These days, we're trying to improve the situation by forcing more disclosure, and if anything the US is at the vanguard with more severe laws than most any other countries. But in the SR context, the situation would revert back to the wild 90s and 80s and then become even worse. With Extraterritoriality and various free havens it would be hard as hell to get any significant disclosure in the dystopian SR world.

PS : I'm surprised you insist things are that different in Europe. There a lot of very ancient and proud institutions over there that would rather swallow cyanid than publicly admit they've been had.

Try making a Swiss Bank admit they've been defrauded, just for fun. Perhaps the Dane are a rare breed but still...
Adarael
QUOTE (Shrike30)
QUOTE (Adarael @ Aug 2 2006, 03:38 PM)
Before every run, have your friendly neighborhood streetdoc cycle your blood with Oxygenated Fluorocarbons that have air/light activated carcerands in them. Make the carcerands contain ammonia.

That way, when you get shot, you don't leak blood - and the carcerands should take care of whatever white blood cell/platelet DNA is left behind in the Fluorocarbon splatter.

I have this vivid image of a runner catching a stray round in a gunfight, and dying of ammonia toxicity as the ruptured cells from the temporary cavitation dump a bunch of it straight into his bloodstream.

Well, nobody said non-detection was without risks, neh? I mean, look at the Pain Editor, the Adrenal Pump, and many other pieces of ware. Gearing yourself up does have drawbacks. Shit, oxygenated fluorocarbons by themselves drastically increase the chance of your runner having a sudden bubble embolism.

QUOTE
You might not leak blood, but I doubt you'd stop leaking everything else without real blood and its healing properties.

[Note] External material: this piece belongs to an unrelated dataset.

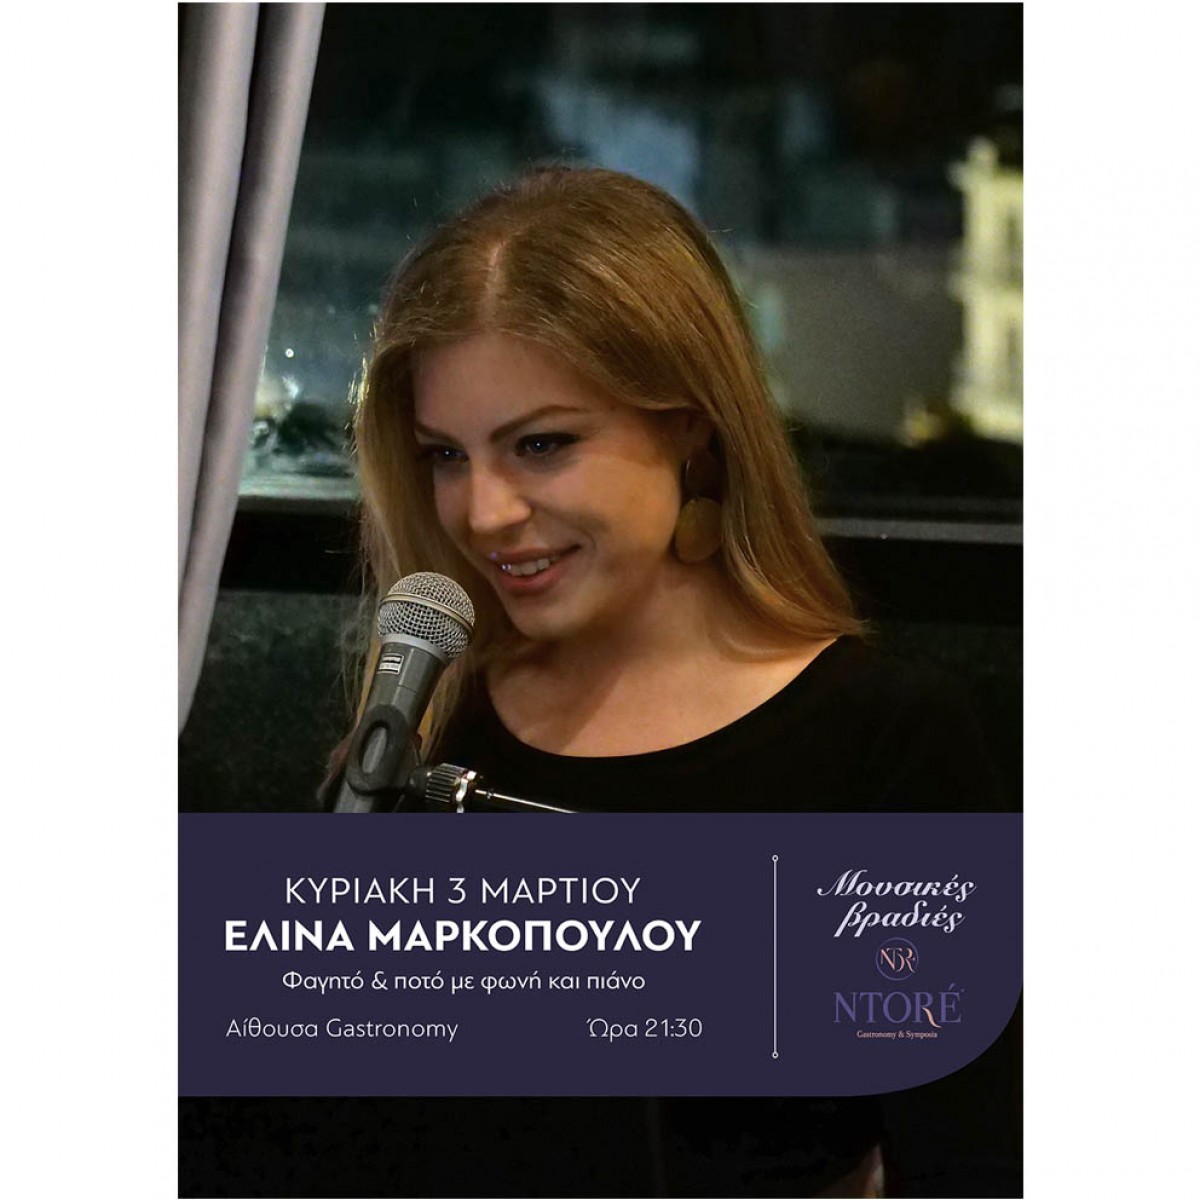 Φαγητό και ποτό με την Ελίνα Μαρκοπούλου στη φωνή και το πιάνο, Κυριακή 3 Μαρτίου, 21:30

By the rules, this isn't the case. They don't explain why you can still heal when you have oxygenated fluorocarbons instead of blood, but my assumption has always been the OF replaces the red blood cells, while white blood cells, platelets, macrophages, et cetera continue to be produced and work as normal.
Brahm
QUOTE (Shrike30)
QUOTE (Adarael @ Aug 2 2006, 03:38 PM)
Before every run, have your friendly neighborhood streetdoc cycle your blood with Oxygenated Fluorocarbons that have air/light activated carcerands in them. Make the carcerands contain ammonia.

That way, when you get shot, you don't leak blood - and the carcerands should take care of whatever white blood cell/platelet DNA is left behind in the Fluorocarbon splatter.

I have this vivid image of a runner catching a stray round in a gunfight, and dying of ammonia toxicity as the ruptured cells from the temporary cavitation dump a bunch of it straight into his bloodstream.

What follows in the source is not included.